El cine de las tortas: Timecop (1994)

Después de una par de jueves un tanto atípicos, respecto al cine y a lo que de él se habla en este humilde rincón del ciberespacio, retomamos la sección más dicharachera de la web con una pieza del gusto del consumidor habitual. Los devaneos gafapastiles (Persépolis) o las meadas fuera del tiesto (Beowulf) me han distanciado últimamente de lo que debe ser y será la línea de esta vuestra sección.
No obstante hoy volvemos con más fuerza que nunca (bueno, no tanto, pero con bastante fuerza, eso sí) intentando revisionar una de esas producciones cuya popularidad supera ampliamente la de su referente en papel.
La película de Peter Hyams, Timecop, es, por méritos propios, mucho más famosa que el cómic de Mark Verheiden y Ron Randall; creación esta que en su día pasó harto inadvertida y de la que no se explica su adaptación al cine si no es comparándola con lo inexplicable de otras series que la editorial Dark Horse consiguió que fueran adaptadas también (como bien rememora el gran Laintxo en este estupendo artículo de la legendaria Espada de Orión)
Si bien Dark Horse se apoyó en el mundo del cine cuando daba sus primeros pasos (aquellos míticos tebeos de Alien, Predator o Terminator) más tarde conseguiría que muchas de sus series fueran trasladadas al celuloide, alcanzando finalmente casi tantas adaptaciones en cartel como si de una de las majors se tratara. Maniobra sorprendente y difícil de creer que proporcionó algunos superéxitos comerciales como La máscara.

En este contexto surge Timecop. A partir de un libreto que adapta el cómic del mismo nombre (con los creadores de este a las riendas) se firma una apuesta de ciencia-ficción de bajo presupuesto y confusas pretensiones.

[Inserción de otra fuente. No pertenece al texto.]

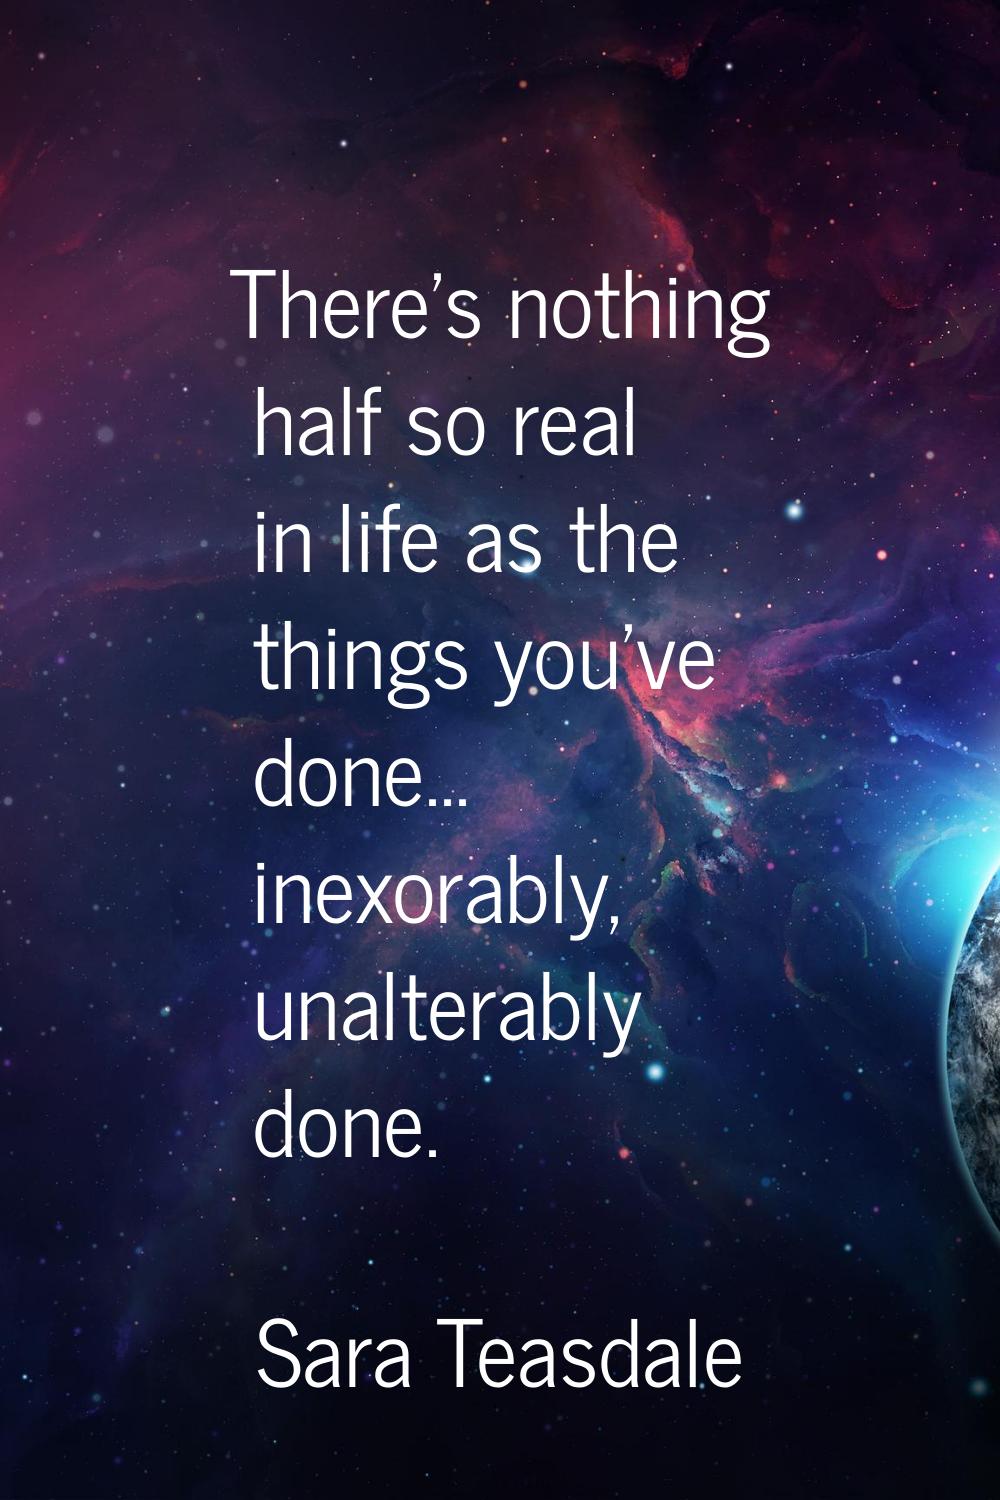 There's nothing half so real in life as the things you've done... inexorably, unalterably done.

El intento por reanimar viejas glorias del cine de género es cómo mínimo conmovedor. Las por aquel entonces decadentes carreras del mítico Jean-Claude Van Damme y de Peter Hyams respirarían algo de aire fresco, prolongando un poquito más su estancia en la cima antes del salto al vacío. A pesar de lo mediático que podía resultar el belga allá por 1994 lo cierto es que, visto con perspectiva, Timecop entra ya en su decadencia, empobrecido para mí a partir de la extraordinaria Blanco humano. Por otro lado el director de la cinta, quien había firmado algunas piezas más que notables de la ciencia-ficción ochentera como 2010 o Atmósfera cero, daba sus últimos pasos en el (semi)mainstream para terminar, años más tarde, rodando subproductos del calibre de El sonido del trueno.

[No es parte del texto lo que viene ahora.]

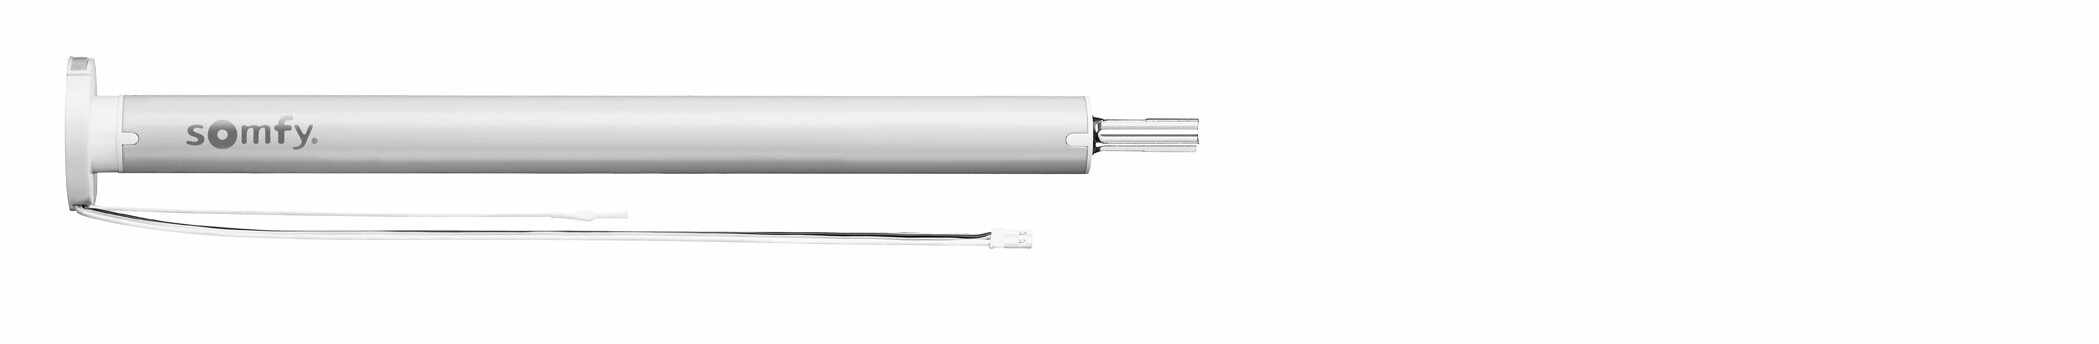 Somfy ST28 RTS 12VDC Shade Motor Kit with 1.5 Inch x 60 Inch Tube

La trama de la peli, similar a la del tebeo, narra las aventuras de Max Walker, agente de la Comisión de Control del Tiempo con la misión principal de impedir a los malutos de turno que viajen a través de este e intenten modificar el pasado para su propio beneficio. De entre los escenarios que visita el agente temporal destaca la guerra civil estadounidense y la era del crack de la bolsa de Nueva York, situaciones en las que algún malhechor intenta lucrarse valiéndose de útiles conocimientos acarreados desde el futuro.

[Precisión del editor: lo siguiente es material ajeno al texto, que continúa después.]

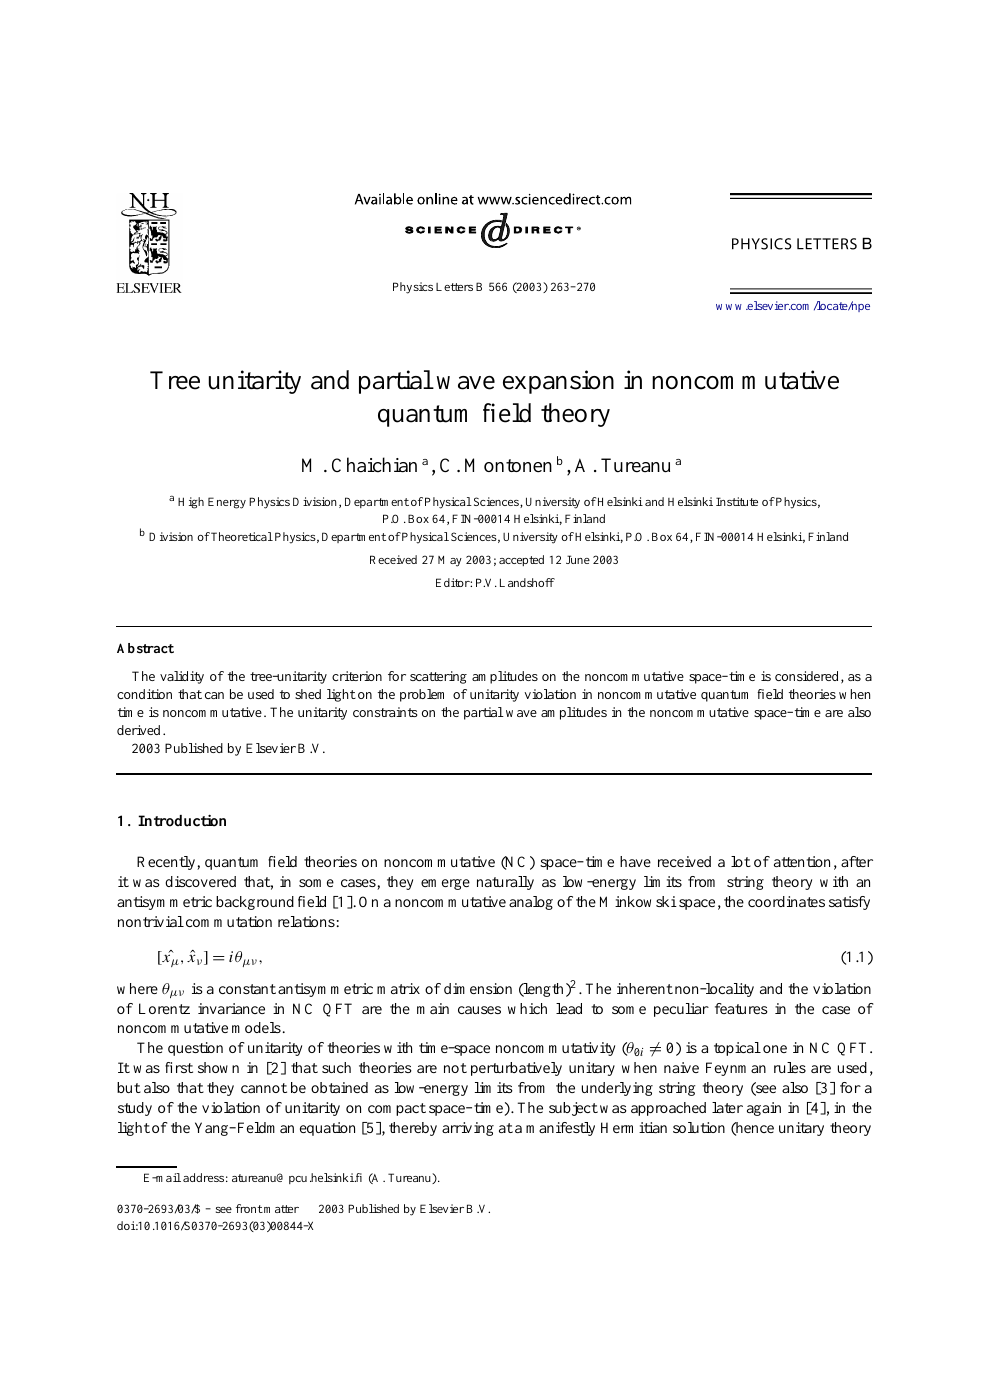 Tree Unitarity And Partial Wave Expansion In Noncommutative Quantum Field Theory Topic Of Research Paper In Physical Sciences Download Scholarly Article Pdf And Read For Free On Cyberleninka Open Science Hub
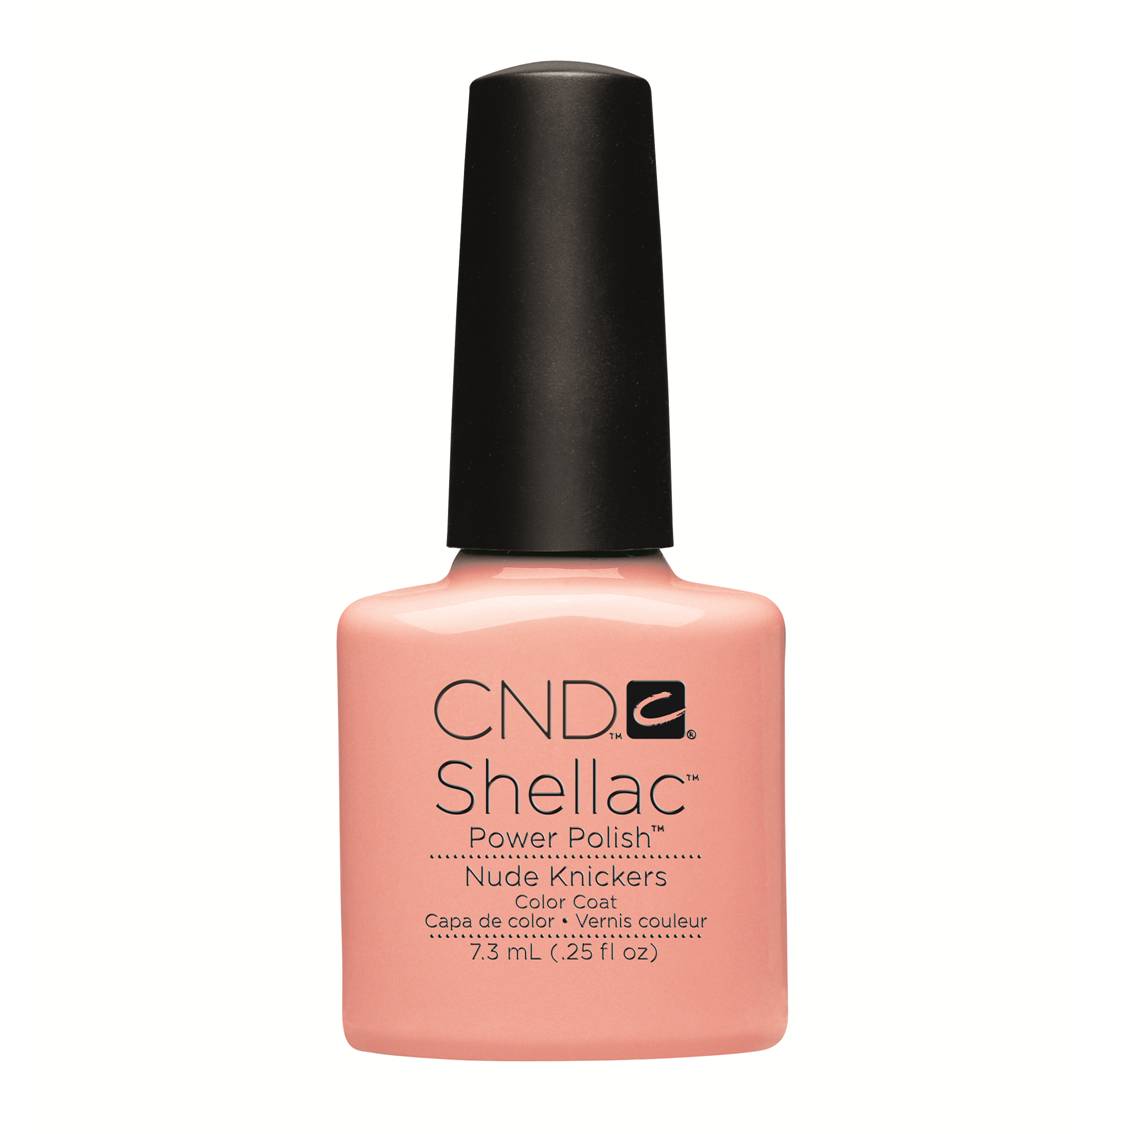 CND™ SHELLAC™ Nude Knickers

Es este el planteamiento más interesante y original de la peli, poco explotado también en el tebeo, que deriva rápidamente en una embarullada trama de paradojas temporales con políticos corruptos y novias asesinadas de lo más convencional. Si bien disfrutamos viendo a Van Damme repartir estopa en los años 20 (con su peculiar e inolvidable estilo bailarina) o siendo testigos de un robo con armas automáticas del oro sureño en la Guerra de secesión, rápidamente decae el interés, liándose el guión con un argumento de corrupción senatorial a través del tiempo lleno de agujeros, y fracasando el enfoque sensiblero y empalagoso que el director otorga a la poco creíble relación amorosa de la cinta –por no mencionar los batacazos que pega Frank Dux… digo, Van Damme cada vez que intenta expresar algún tipo de emoción romántica-
Los efectos especiales de Timecop son muy modestos y, al margen de las pompas digitales con que nos obsequian cada vez que hay un salto en el tiempo, hay que decir que existe la sensación de que no se han gastado un duro en diseño de producción. El hipotético futuro en el que se domina el viaje temporal es de cartón piedra, y eso siempre que se hayan molestado en disimular la fecha en la que supuestamente se sitúa la acción. Mención especial para el descacharrante vehículo de Walker… no hay palabras.
Para ir acabando resta decir que ya se está cociendo un remake de la peli, como se puede leer aquí.

Resumiendo, Timecop, policía en el tiempo es una producción serie b que consigue entretener a pesar del tiempo excesivo empleado en unas vueltas de guión desastrosamente rematadas. El poco cariño que demuestran algunas facetas de la producción (las pintas de los matones son de órdago) no consigue fusilar la propuesta definitivamente, pero sí obliga a que nos acerquemos a ella con recelo. Por tanto, regulera.